I certainly agree. However, how do you reconcile the fact that a majority of listeners now listen via headphones or car audio with overinflated LF response?
I would not say for sure "majority" so I don't agree to a certain degree as I don't think it's universal.
In the 90's, Discams, walkmans and car radios used to have a "Bass Boost" or "Mega Bass" control in the front panel, normally with 3 levels of bass boost,
with the trend to have the "Bass Boost" included in the actual audio, or just start using the region under 80hs that we listen and feel, that went from 2000 on, I don't see any present day equipment with a "Bass boost" button on the front panel. They are normally inside a Menu/audio/settings. It happened like that in the now obsolete iPod, and it's like that in modern car radios and also inside Spotify apps and similar.
There's a lot of music nowadays that takes usage of the sub frequencies, and the good productions/mixes still sound good to me in any reproduction system, being it Bluetooth speaker, car radio, or headphones.
There's an average of Low end energy in commercial records, some a bit above and some a bit under that average.
But I was talking about being really off the average, having so little bass that you can't feel the foundation of the Bass Drum and Bass, or having to much and distort and fart out any modern reproduction system.

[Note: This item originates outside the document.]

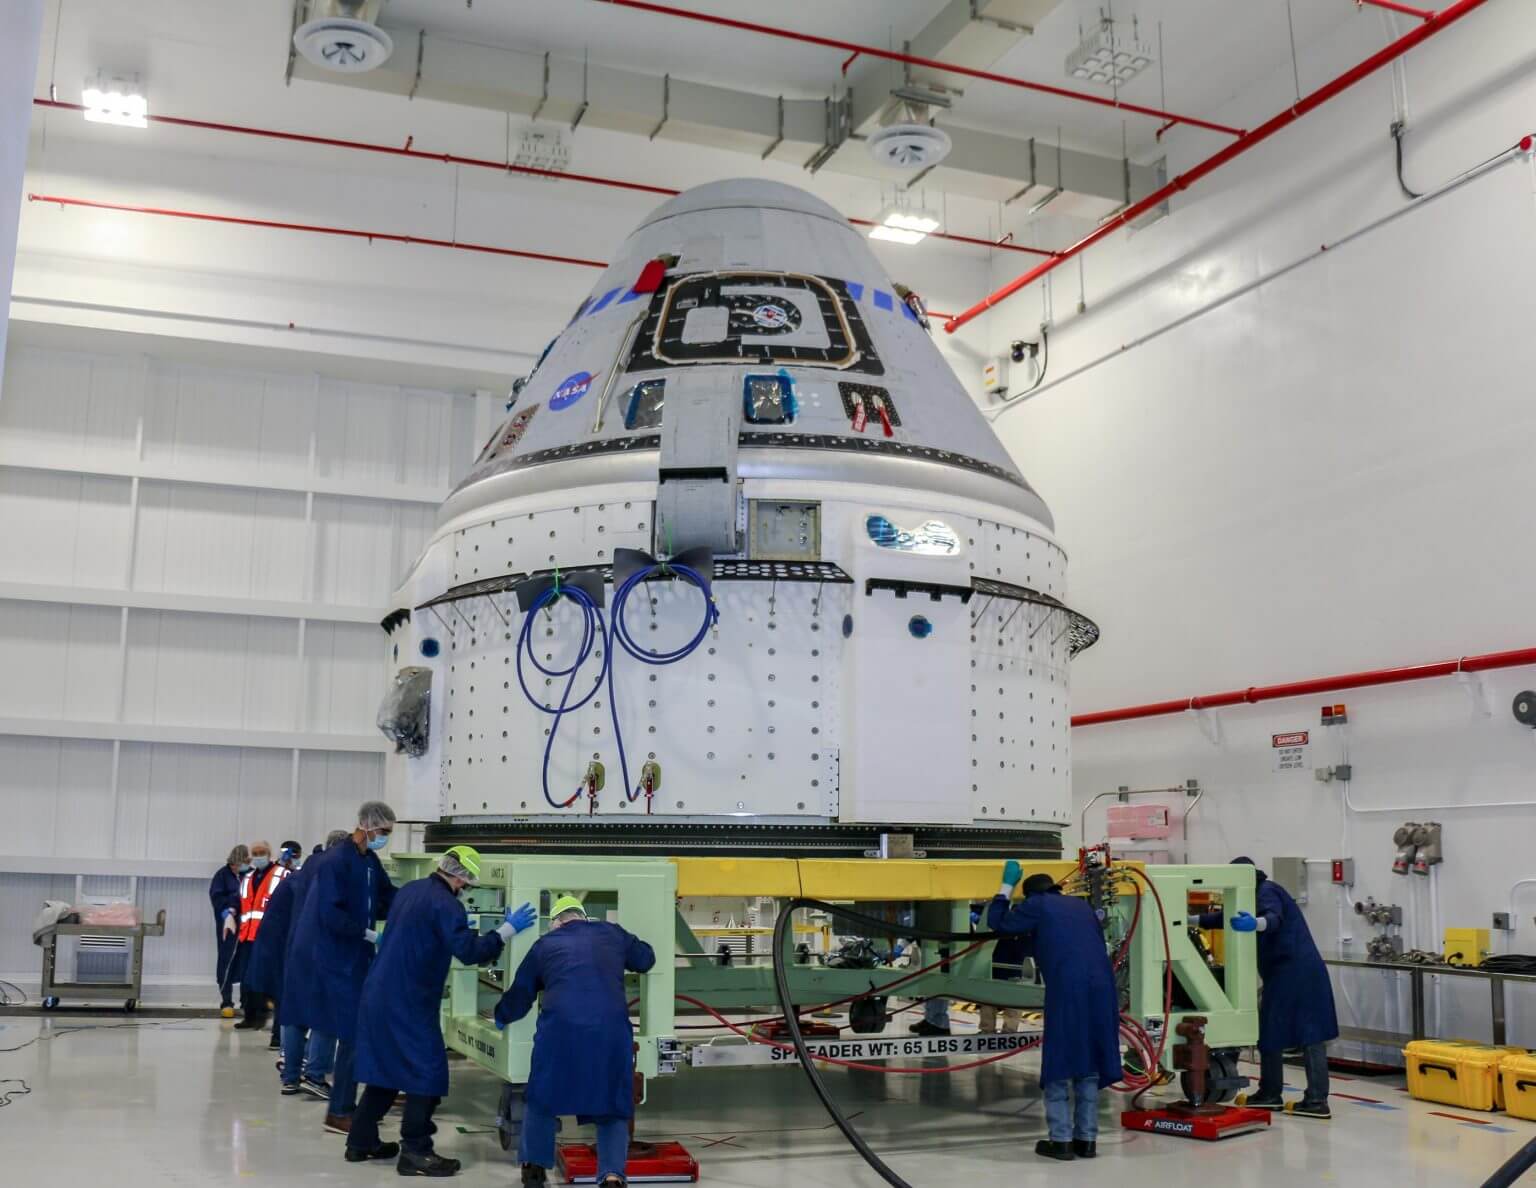 חללית בואינג CST-100 סטארלינר שתוטס במבחן טיסה מסלולית -2 (OFT-2) נראית במתקן הצוות המסחרי ועיבוד המטען במרכז החלל קנדי של נאס"א בפלורידה ב-2 ביוני. קרדיט: בואינג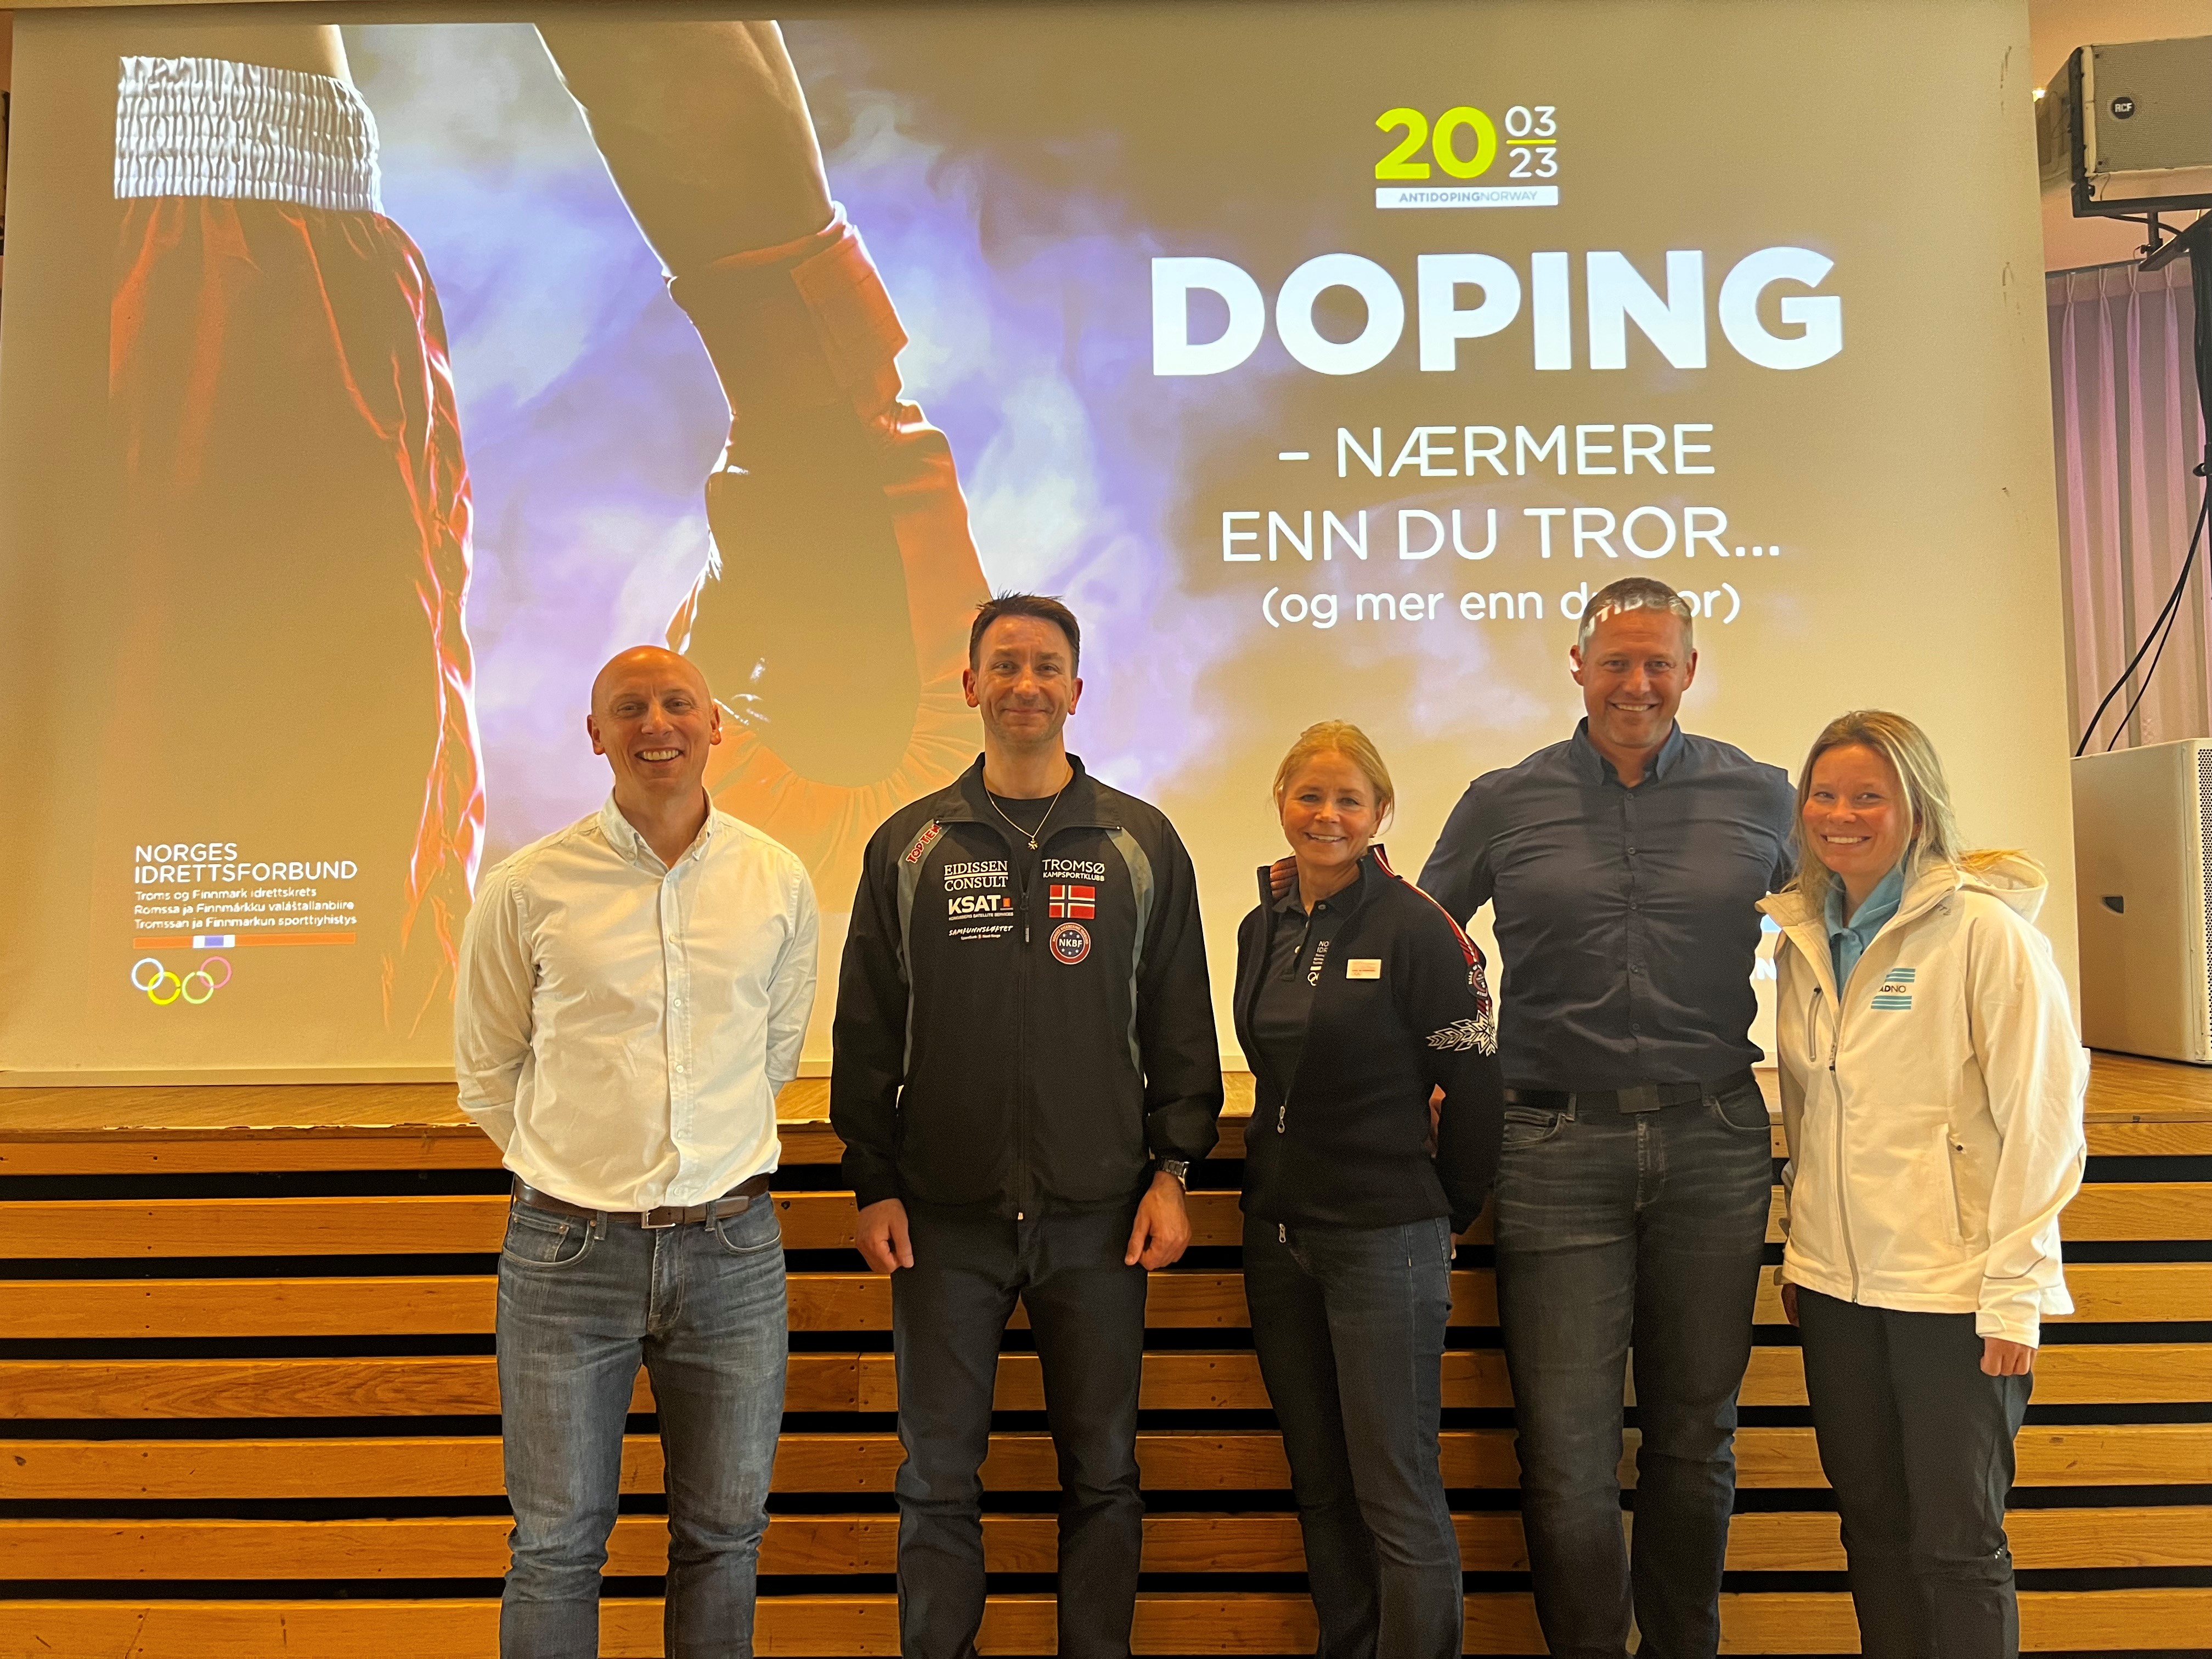 Vellykket seminar i Tromsø - Doping: nærmere enn du tror

I know the music I produce is for people who will listen on their stereo, but if I had to address a younger generation I wouldn't know what to do.
Well,
you would just do the same as I do, I ask the clients for 4 to 5 songs that they like and artists that inspired them for their work,
then you can calibrate your brain with that and make your work be on that average.
Personally I'm constantly updating myself to the new trends and to the clients aesthetics, I don't want to ever be outdated and say something like "the only music that sounded good was in the 70s and present music is just crap", I don't feel that and I'm not entering that old cycle were a generation always says that the new generation is lost.
I grew up in the 90s, and I remember quite well how the average person listened to music, they had very cheap consumer compact hifi units at home that sounded like crap had no sub and not much above 10khz then no one had the speakers in a good position any way, then there were those portable boom boxes that sounded pretty bad also, walkmans and cassettes sounded terrible for each listen the sound would degrade a lot, then most consumer headphones/earbuds at the time were miserable also.
Average standard Car Radios and car speakers were also quite bad.
Give me a Bose/JBL bluetooth speaker playing audio from iphone with spotify at any time compared to any of the systems I described.
Also give me any Apple Earbuds compared to any earbuds from the 90's.
Or any 80€ Modern Pioneer car Radio with 80€ JBL (or any know brand) car speakers to any car systems from the 90s, 80s or 70s
I still gladly accept any 90s Hi-End Hifi systems though
I'm equally at loss with PA systems that have the so-called "bass contour", that amounts to about +14dB at 50 Hz.
I've been an adept of the straight-ish line for too long.
In Live Sound I always run the subs in Mono and I send a different mix to them, I think the term is "subs on aux send",
I then have full control of the subs and independent of the Tops/line array.
I find that usually my master send to the SUBs is -10dbs to -15dbs compared to the level I send to the Tops Line Array.